Your task ::
Among the entries below, which lines run from the line with "シミ取り-池袋-Google-マップ" through the line with "Arte ispirata al"? Retype those, both ends included, exactly and without pictures.

Entries shown ::
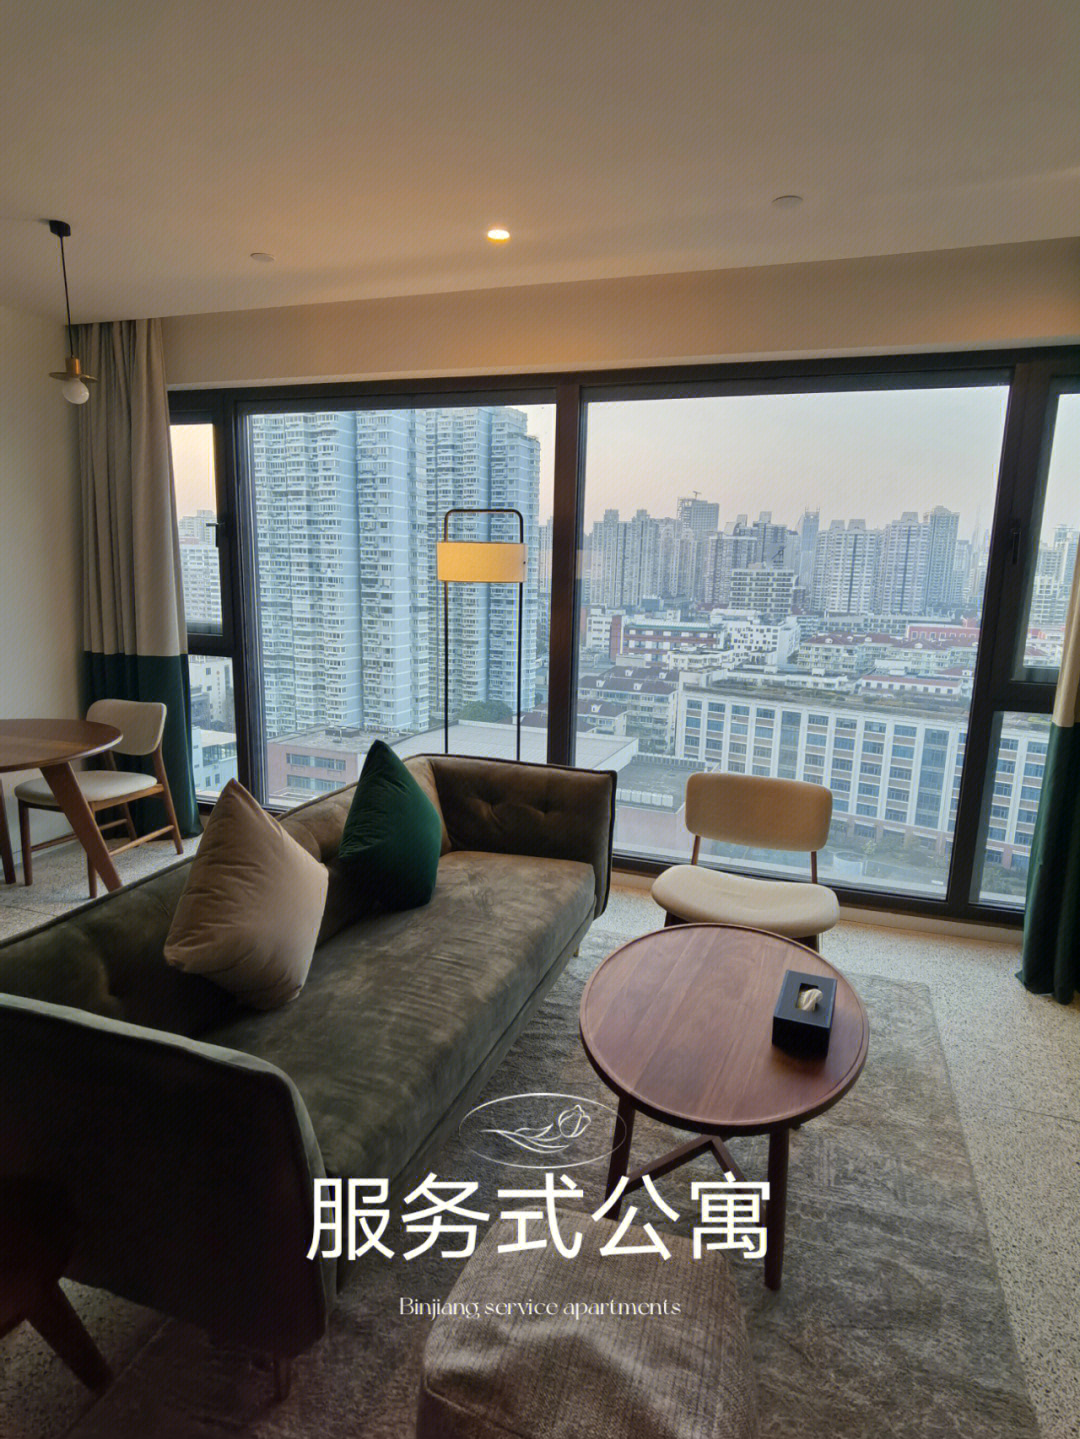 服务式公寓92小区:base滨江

---

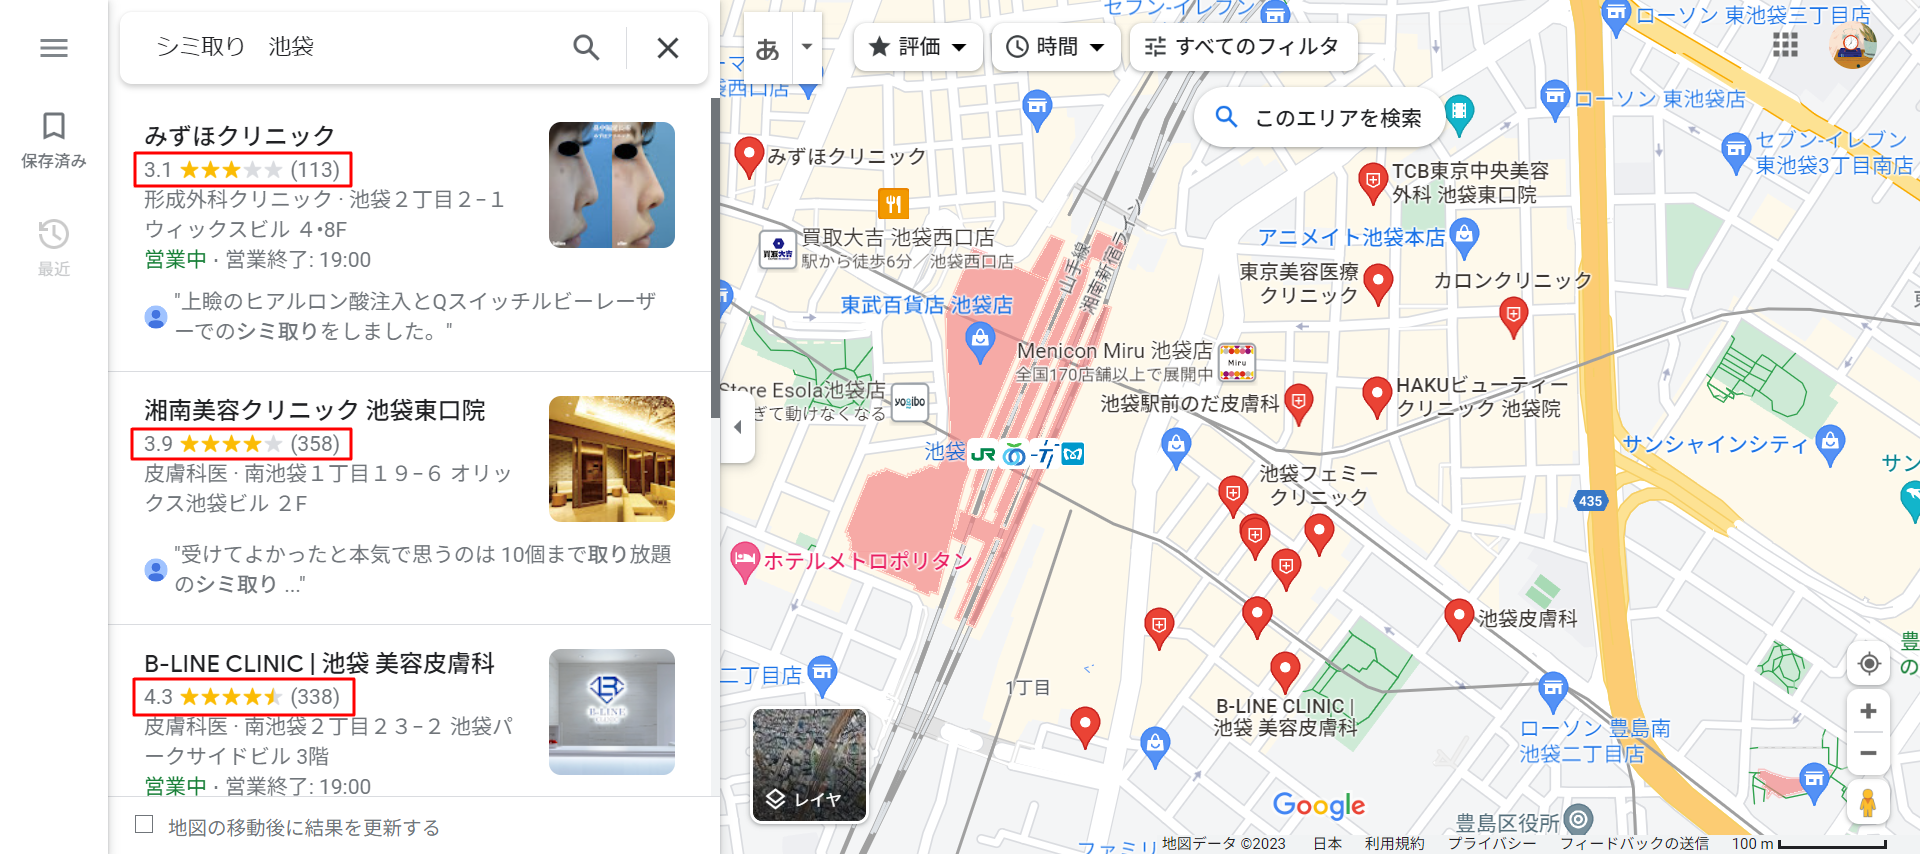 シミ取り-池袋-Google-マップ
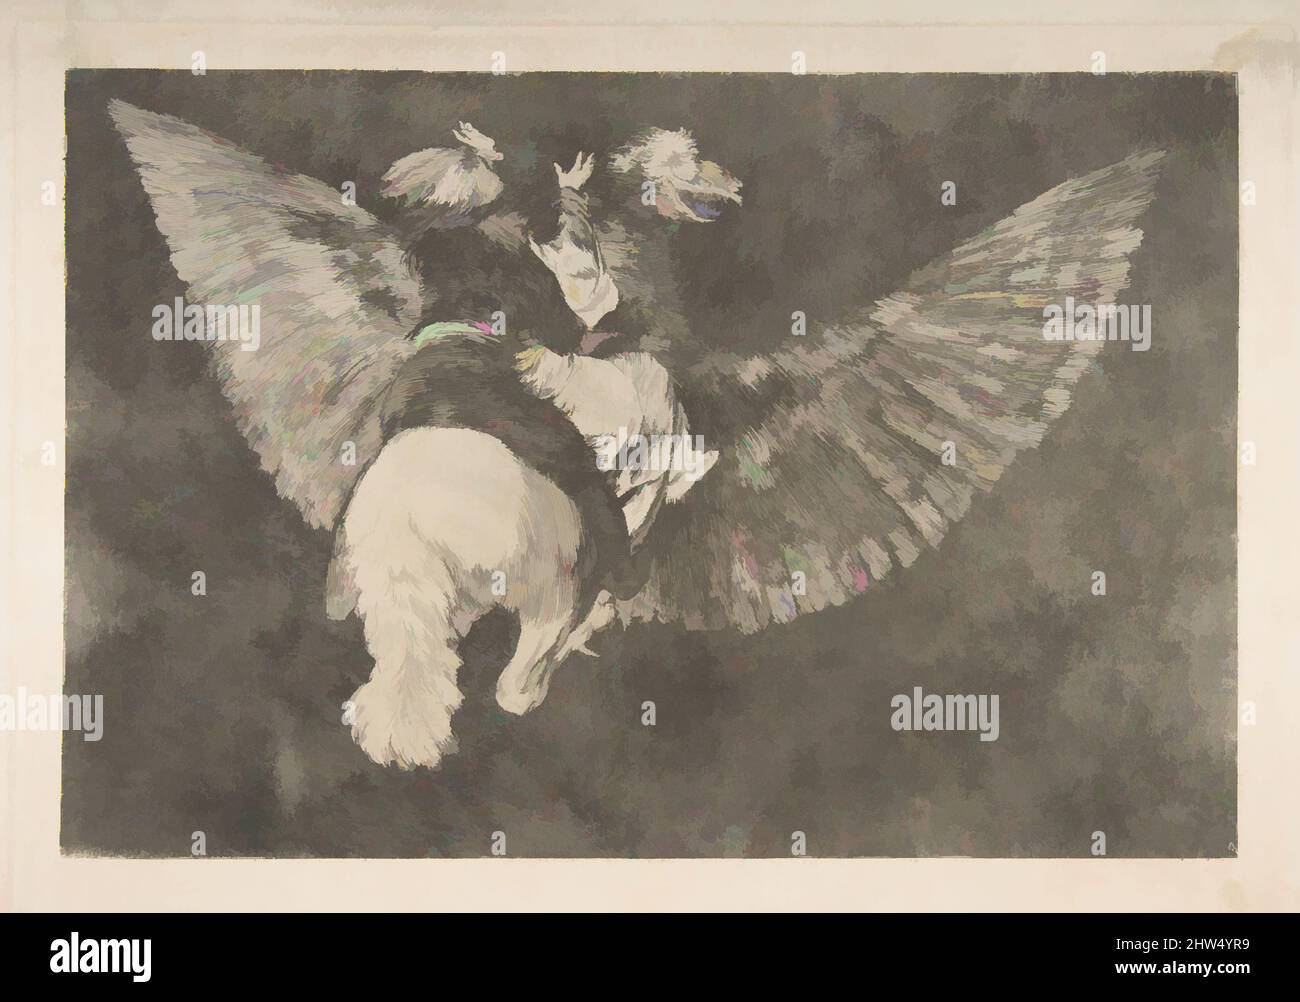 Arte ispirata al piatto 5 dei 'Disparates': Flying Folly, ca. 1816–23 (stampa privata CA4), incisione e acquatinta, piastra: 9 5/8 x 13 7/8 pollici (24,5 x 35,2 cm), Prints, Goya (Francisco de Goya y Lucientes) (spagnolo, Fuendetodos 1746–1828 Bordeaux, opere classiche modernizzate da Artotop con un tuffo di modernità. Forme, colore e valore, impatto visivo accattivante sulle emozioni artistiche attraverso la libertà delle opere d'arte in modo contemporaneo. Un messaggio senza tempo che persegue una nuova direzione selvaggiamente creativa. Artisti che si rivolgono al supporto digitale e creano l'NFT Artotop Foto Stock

Reply to the exercise ::
 シミ取り-池袋-Google-マップ
 Arte ispirata al piatto 5 dei 'Disparates': Flying Folly, ca. 1816–23 (stampa privata CA4), incisione e acquatinta, piastra: 9 5/8 x 13 7/8 pollici (24,5 x 35,2 cm), Prints, Goya (Francisco de Goya y Lucientes) (spagnolo, Fuendetodos 1746–1828 Bordeaux, opere classiche modernizzate da Artotop con un tuffo di modernità. Forme, colore e valore, impatto visivo accattivante sulle emozioni artistiche attraverso la libertà delle opere d'arte in modo contemporaneo. Un messaggio senza tempo che persegue una nuova direzione selvaggiamente creativa. Artisti che si rivolgono al supporto digitale e creano l'NFT Artotop Foto Stock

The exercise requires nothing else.